Thanks for the logs. This does appear to be caused by a change in behavior in libpng since the thumbnails for this file were last generated. The old thumbnails were purged from Swift for some reason, and because of the change in behavior, they can't be regenerated. The image displayed on the file description page is still visible because it is the un-transformed original.

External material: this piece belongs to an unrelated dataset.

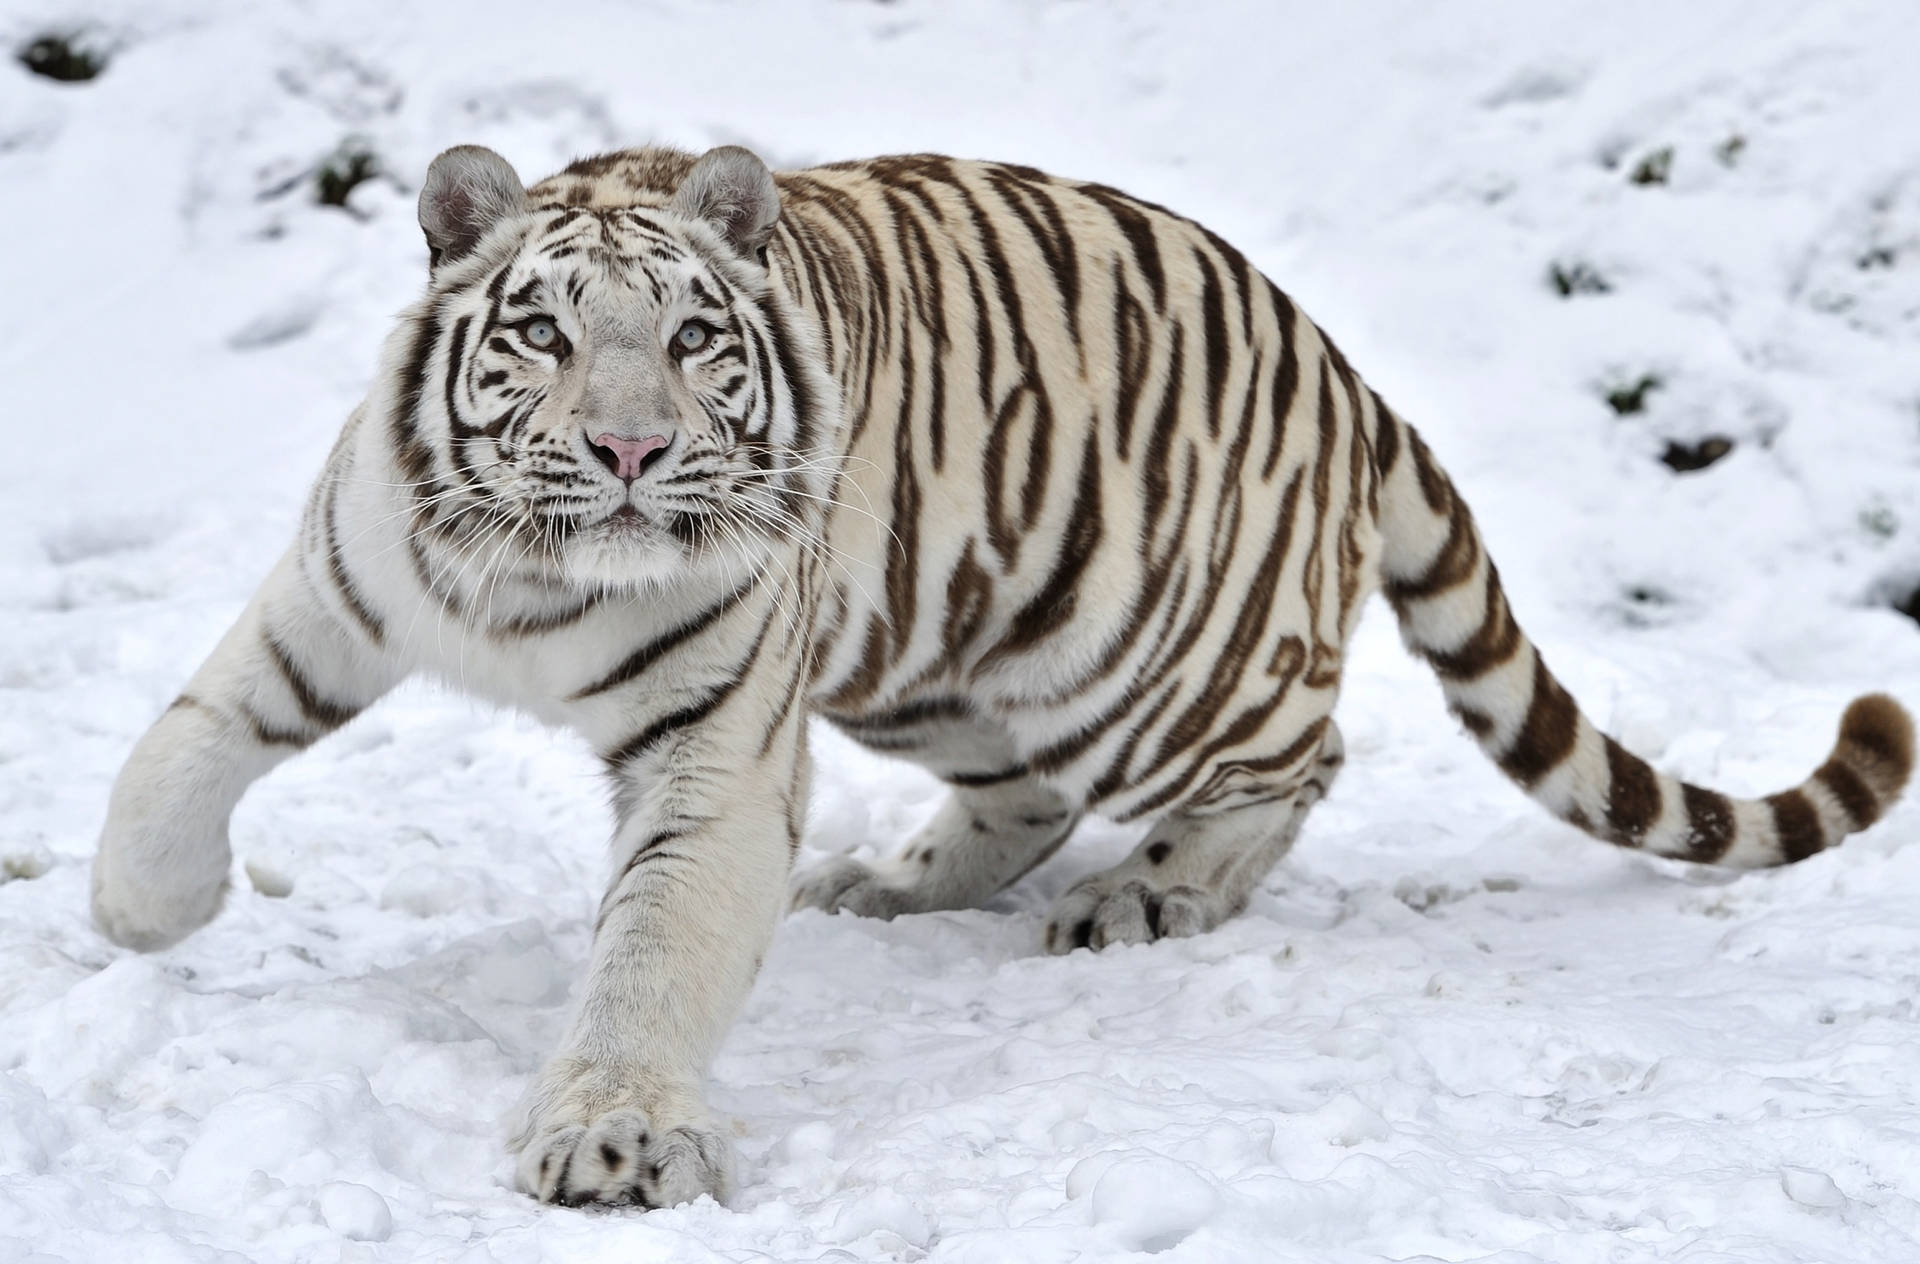 White Tiger in Winter Wonderland Wallpaper

The libpng manual suggests using the included pngfix tool to fix files with this error. I've done so for this file using the following command:

$ pngfix --out=Young_Folks\'_History_of_Rome_illus090-fixed.png Young_Folks\'_History_of_Rome_illus090.png
IDAT TFB maximum 9 15 24542 59691 Young_Folks'_History_of_Rome_illus090.png

Unfortunately that's not something that can be done automatically at the Thumbor level, so any other files with this error will have to be fixed manually. I'm able to open the fixed file locally with ImageMagick/libpng, but we'll have to wait for the Memcached throttle to clear (1 hour) before Thumbor will try to render the new thumbnail.

thanks @AntiCompositeNumber for fixing the image and the additional detail. I agree with declining this task.

Would it be useful if I dug through the logs for other such files that don't thumb correctly?

Sure, if you get me a list of originals failing with IDAT: invalid distance too far back I can work on fixing them.